一、设计UI页面
一些组件需要认识一下,文本框、按钮、进度条等。
二、UI文件生成PY文件
1.快捷生成py文件
py文件会自动生成在当前目录下,与ui文件同名
2.运行一下这个py页面
导入的文件名为你生成的py文件名称
注意包名
import elk.txtToExcel as txtToExcel
#你们的应该是这样就可以了
import txtToExcel
import sys
import elk.txtToExcel as txtToExcel
from PyQt5.QtWidgets import QApplication,QMainWindow
if __name__ == '__main__':
app=QApplication(sys.argv)
mainWindow=QMainWindow()
ui=txtToExcel.Ui_MainWindow()
# 向主窗口添加控件
ui.setupUi(mainWindow)
mainWindow.show()
sys.exit(app.exec_())
如果你的import导入有问题,请修改你项目下代码包的设置
3.编码
在这之前还要说一下objectName属性,它相当于控件对象的名字。你要操作这个控件,可以使用这个名字来调用对应的方法。
开整,首先需要把Object改成QWidget。
import re
import tkinter as tk
from tkinter import filedialog
from PyQt5 import QtCore, QtWidgets
from PyQt5.QtWidgets import *
import os
import xlrd
from openpyxl import Workbook as owb
import json
import requests
from datetime import datetime
import time
import datetime
# 这里需要改一下 ↓↓↓
class Ui_MainWindow(QWidget):
先拿一个最简单的例子来说,给退出按钮实现关闭的功能。
在刚刚生成好的py文件中,有一个全是初始化你那些控件的方法找到它。
在里边增加这么一行代码。
clicked点击
connect执行对应的函数
MainWindow.close关闭窗口函数
self.exitBtn.clicked.connect(MainWindow.close)

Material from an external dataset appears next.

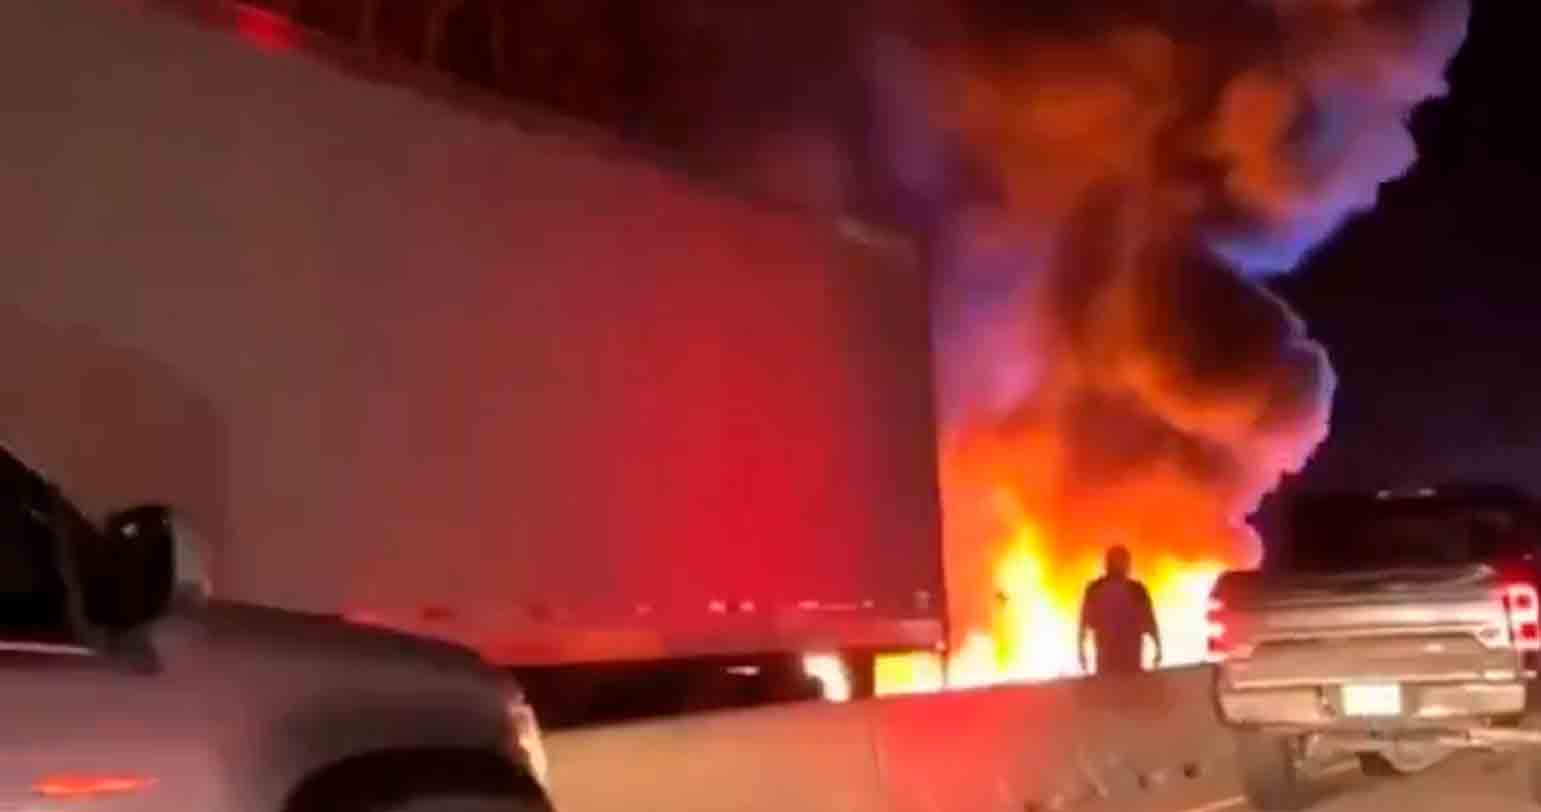 Βίντεο: Αεροσκάφος συντρίβεται και εκρήγνυται σε αυτοκινητόδρομο στη Βόρεια Καρολίνα, 2 αποφεύγουν με σοβαρά τραύματα. Βίντεο και φωτογραφίες: Αναπαραγωγή Twitter @tworldreviews / @vanhoa2272

按照上边的例子,需要你自己实现包括开始和其他按钮的实现逻辑。
我就放在了第二个方法里了。
def retranslateUi(self, MainWindow):
_translate = QtCore.QCoreApplication.translate
MainWindow.setWindowTitle(_translate("MainWindow", "MainWindow"))
self.actionBtn.setText(_translate("MainWindow", "开始"))
self.exitBtn.setText(_translate("MainWindow", "退出"))
self.label.setText(_translate("MainWindow", "excel所在路径:"))
self.excelBtn.setText(_translate("MainWindow", "浏览"))
self.label_2.setText(_translate("MainWindow", "设置保存位置:"))
self.saveBtn.setText(_translate("MainWindow", "浏览"))
self.label_3.setText(_translate("MainWindow", "当前进度:"))
#设置进度条初始为0%
self.numBar.setValue(0)
#对应按钮对应的函数
self.excelBtn.clicked.connect(self.setTargetPath)
self.saveBtn.clicked.connect(self.setSavePath)
self.actionBtn.clicked.connect(self.start)
self.thread = None # 初始化线程
# 主函数
def start(self):
pass
# 设置目标文件夹路径
def setTargetPath(self):
# 隐藏控制台
root = tk.Tk()
root.withdraw()
self.targetPath = filedialog.askdirectory()
self.excelText.setText(self.targetPath)
# 查找文件夹下所有的文件
def findAllFile(self, base):
for root, ds, fs in os.walk(base):
for f in fs:
yield f
# 设置保存文件夹路径
def setSavePath(self):
# 隐藏控制台
root = tk.Tk()
root.withdraw()
self.savePath = filedialog.askdirectory()
self.saveText.setText(self.savePath)
在主函数,也就是start这个函数中,我们需要开一个子线程去进行爬取和写入excel操作。并且实时对进度条进行更。
主线程需要传递给子线程两个参数方法如下:
# 主函数
def start(self):
# 创建线程
self.actionBtn.setEnabled(False)
# 执行工作的子线程
self.thread = WorkThread(fileList=filenamelist,savePath = self.savePath)
# 连接信号
self.thread._signal.connect(self.call_backlog) # 进程连接回传到GUI的事件
# 开始线程
self.thread.start()
其中的WorkThread是一个具体执行爬虫和写入excel的类,继承QThread。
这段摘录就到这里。